Chapter Objectives
In this chapter, you will learn to:
• understand the basic concepts of XML, Document Type Definition, XML Schema Definition, Extensible Stylesheet Language, namespaces, and XPath;
• process XML documents using the DOM and SAX APIs;
• store XML documents using a document-oriented, data-oriented, or hybrid approach;
• grasp the key differences between XML and relational data;
• map between XML documents and (object-)relational data using table-based mapping, schema-oblivious mapping, schema-aware mapping, and SQL/XML;
• search XML data using full-text search, keyword-based search, structured search using XQuery, and semantic search using RDF and SPARQL;
• use XML for information exchange in combination with message-oriented middleware (MOM) and web services;
• understand other data representation formats such as JSON and YAML.
Opening Scenario
For regulatory and insurance purposes, Sober needs to store a report for each accident.
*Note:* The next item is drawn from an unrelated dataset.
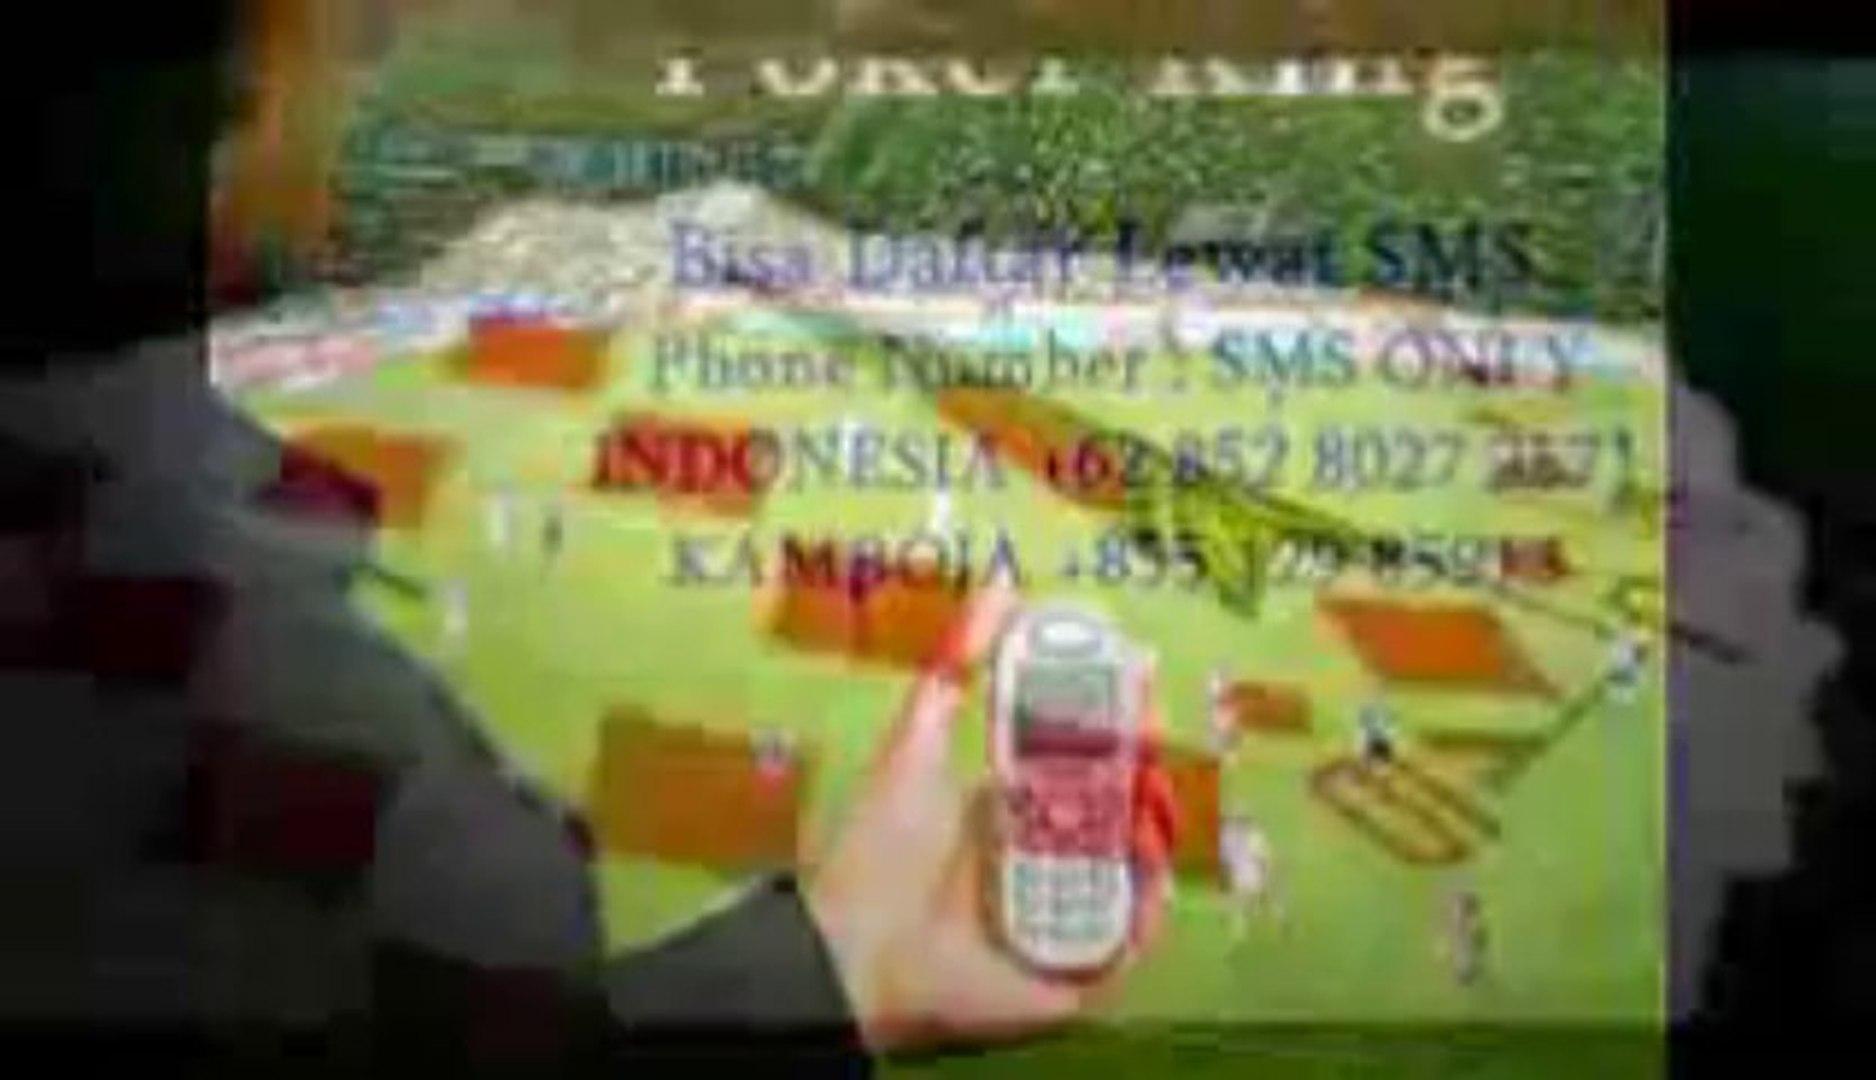 AgenBola855.com AgenTaruhan Bola, Agen Judi Bola, SBOBET Casino Online

The report should include the date, the location (including GPS coordinates), a summary of what happened and the individuals involved. Furthermore, for each individual Sober needs to know:
• the name;
• whether he/she is a driver driving a Sober car or not, a pedestrian, or a cyclist;
• whether he/she was injured.
The report should also include information about aid provided, such as police or ambulance assistance. Sober would like to know the best way to store this report.
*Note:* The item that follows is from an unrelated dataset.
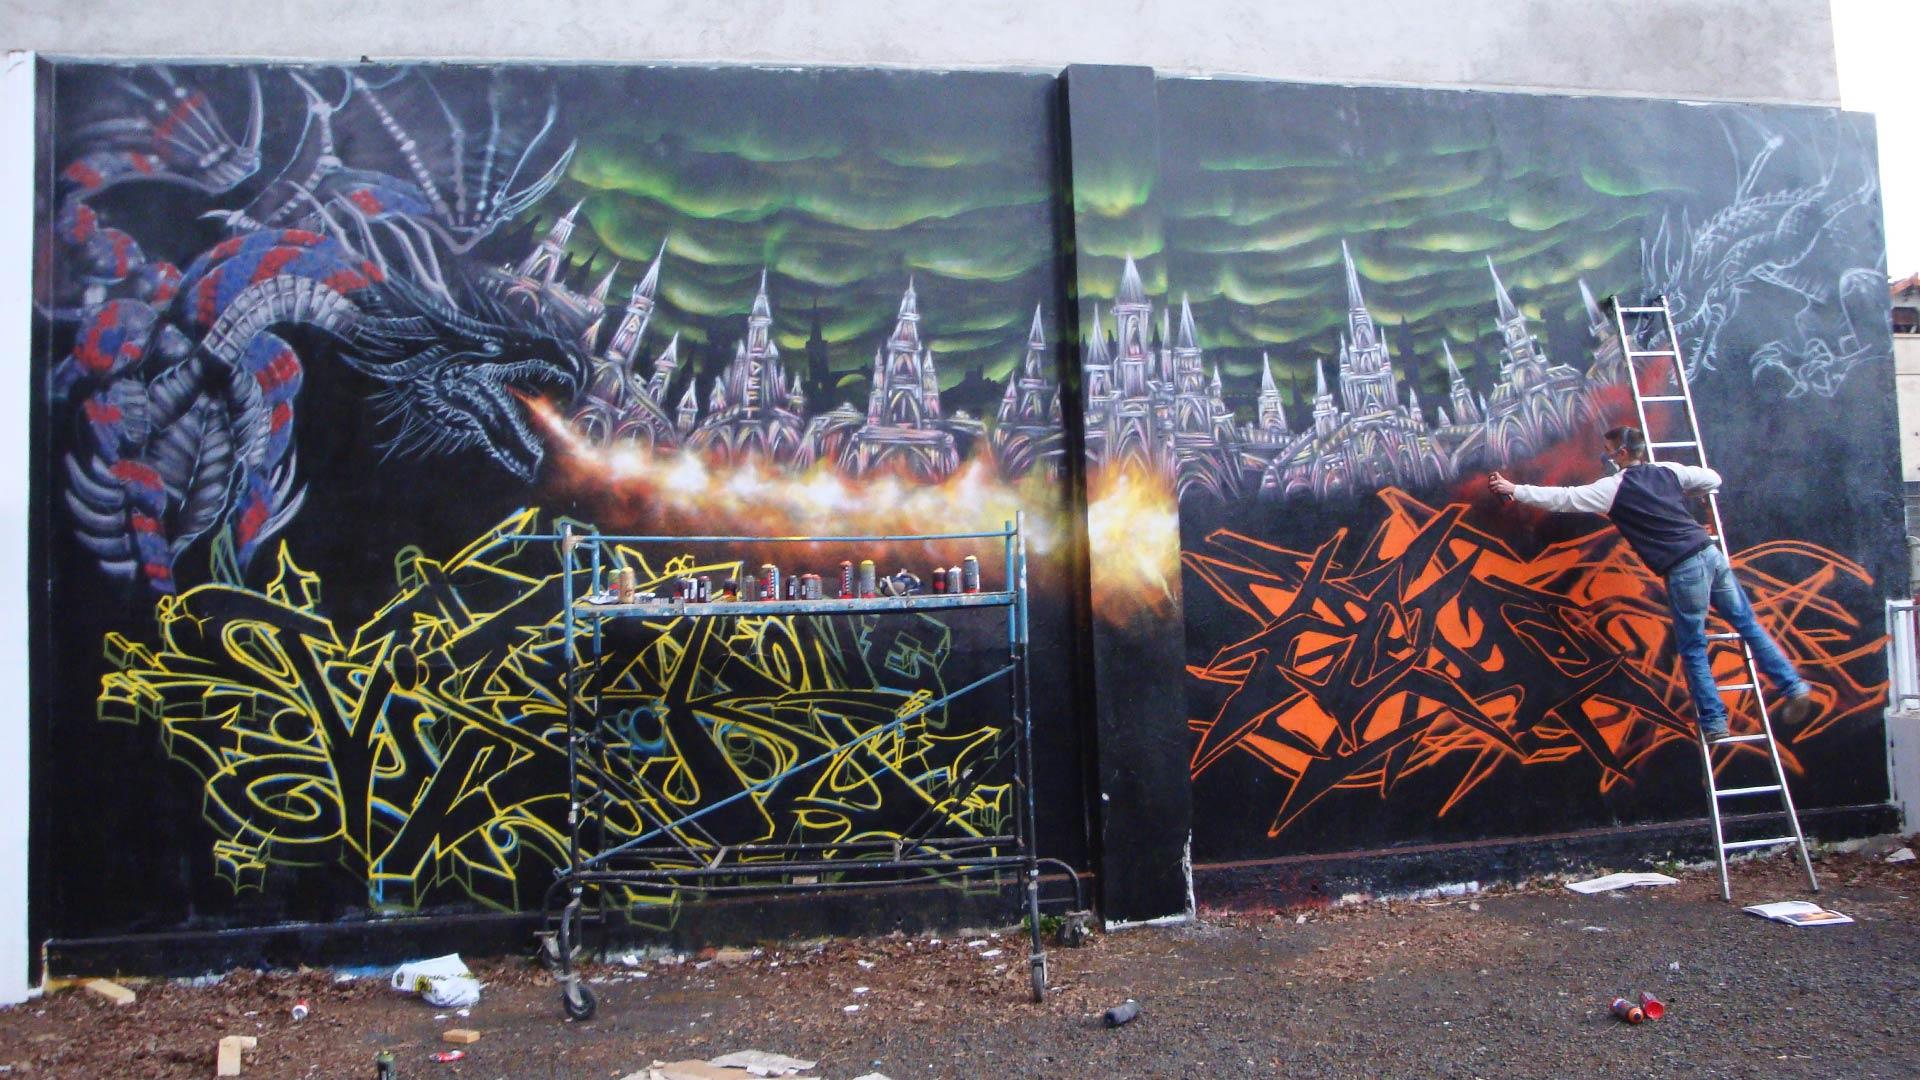 Vizer, Awok, Epok & Deft - Fresque Dragon - Graffiti - Clermont-Ferrand

In this chapter, we discuss how to store, process, search, and visualize XML documents, and how DBMSs can support this. We start by looking at the XML data representation standard and discuss related concepts such as DTDs and XSDs for defining XML documents, XSL for visualizing or transforming XML documents, and namespaces to provide for a unique naming convention. This is followed by introducing XPath, which uses path expressions to navigate through XML documents. We review the DOM and SAX API to process XML documents. Next, we cover both the documentand data-oriented approach for storing XML documents. We extensively highlight the key differences between the XML and relational data model. Various mapping methods between XML and (object-)relational data are discussed: table-based mapping, schema-oblivious mapping, schema-aware mapping, and the SQL/XML extension. We also present various ways to search XML data: full-text search, keyword-based search, structured search, XQuery, and semantic search. We then illustrate how XML can be used for information exchange, both at the company level using RPC and message-oriented middleware and between companies using SOAP or REST-based web services.